Sea Shanties aptly demonstrated this tendency in mid-2021, when a cover of New Zealand folk song ‘The
Wellerman’ had a sudden viral success and spawned hundreds of remixes, parodies and responses, before
falling out of popularity again less than a month later. Mainstream media coverage of this trend treated it
as both a curiosity and a potential sign of a broader cultural moment, spawning several articles where
journalists speculated that a single 19th century whaling ballad meme allowed a lockdown-harried Generation
Z to ‘find delight in a centuries-old music genre meant to bind separate bodies together into one shared,
cooperative
action’ (VanArendonk, 2021). Did Generation Z actually develop an interest in Sea Shanties? No.
The Google trend data shows two peaks: one for the ‘Wellerman’ memes in early 2021, and another when several
Sea Shanty festivals attempted to capitalise on this moment in mid 2022 (Google Trends, 2024).
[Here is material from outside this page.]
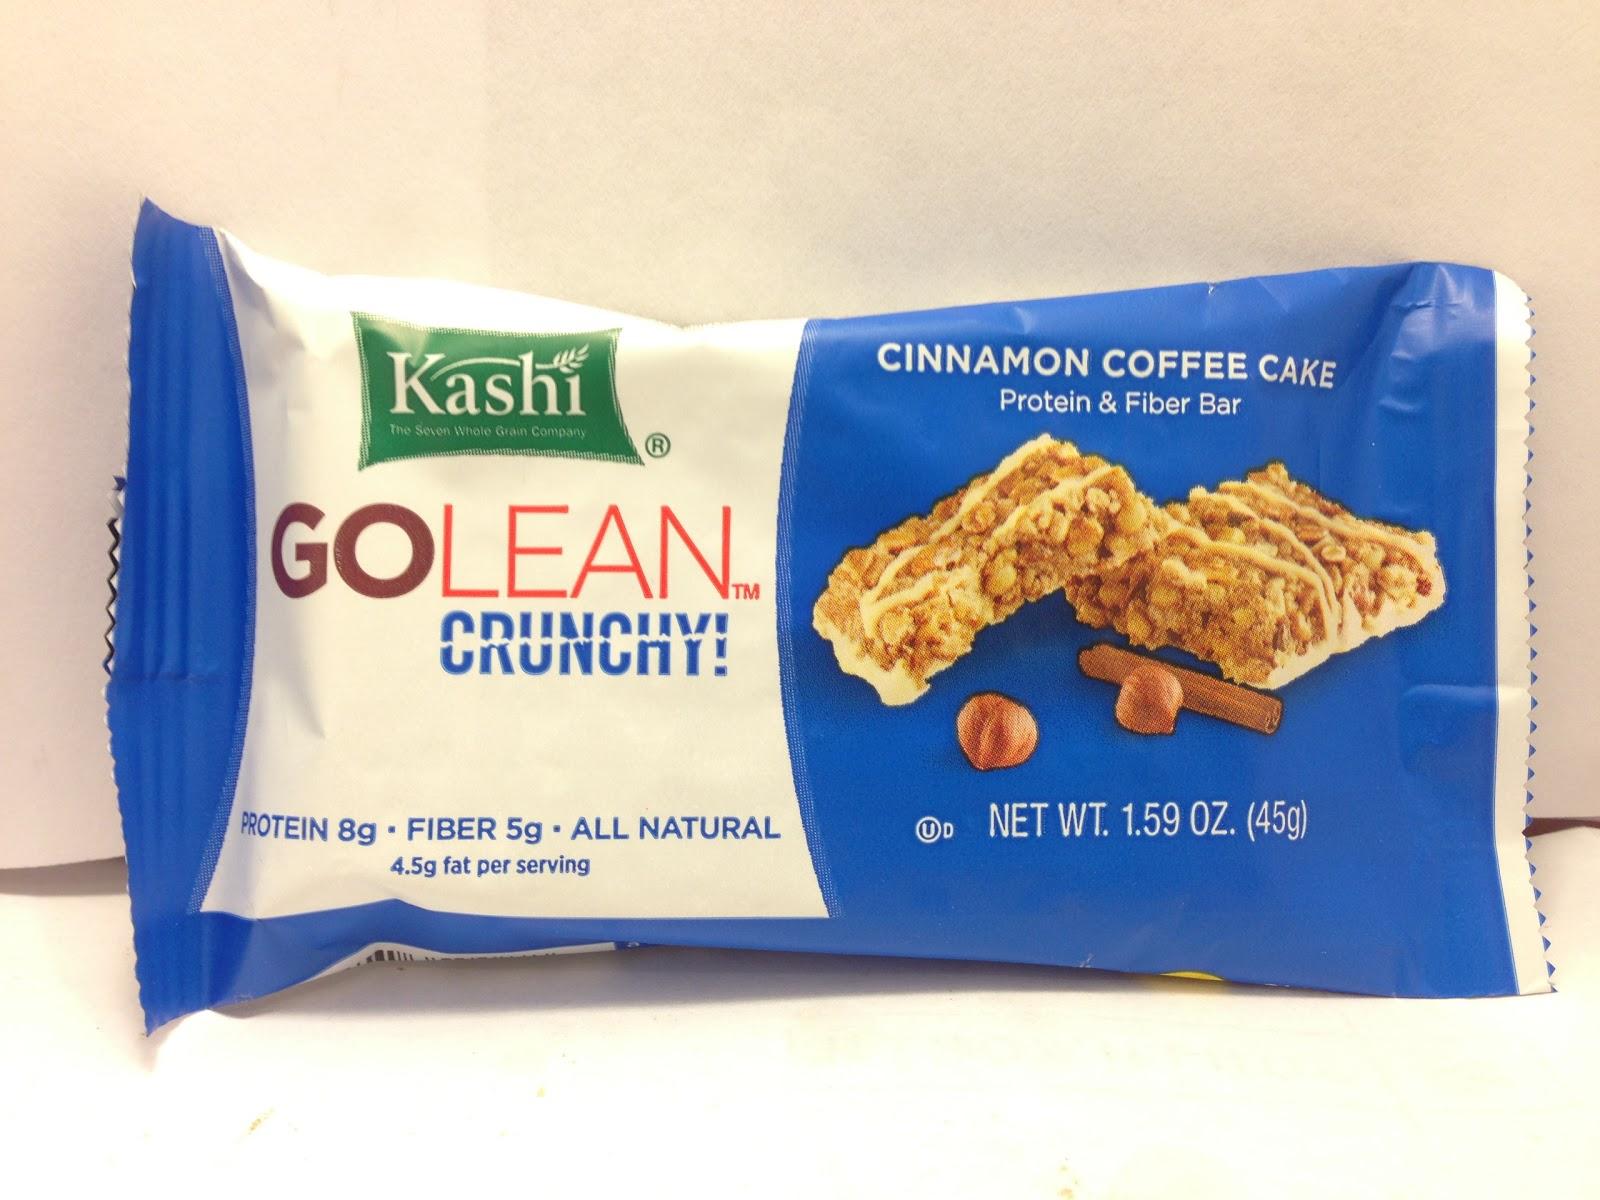 Kashi go lean crunchy bar

The memes were never going to last, but the temptation to run articles speculating about their provenance
proved irresistible.
The Kia Challenge is essentially a version of this narrative coupled with the typical local news fixation on
crime. Any evidence of anything like a Tiktok trend centred around automobile theft happening anywhere in
the world is enough to run an article speculating about the possibility of it happening in your backyard, to
the point that Australian local news outlets like Channel 9 (Nagel, 2023) and Channel 7
(2022) have run reporting about the Kia Challenge that is identical to its American siblings,
despite the presence of immobilisers in all Australian vehicles making anything like it impossible. When the
viral traffic fell away and it became untenable to keep speculating about teenagers stealing cars because of
memes, the coverage of Kia theft turned to much more typical crime coverage focusing on the victims and the
structural causes.
The Kia theft phenomena is a powerful demonstration of how social media, when coupled with traditional
media, can
distort our perceptions of reality. Obvious corporate malfeasance creates a wave of opportunistic property
crime, to
the point that the criminals post content celebrating it. Then the rest of the world, seeing only the
content,
hallucinates a scarier version of events where the content is itself the cause. Life in the 2020s.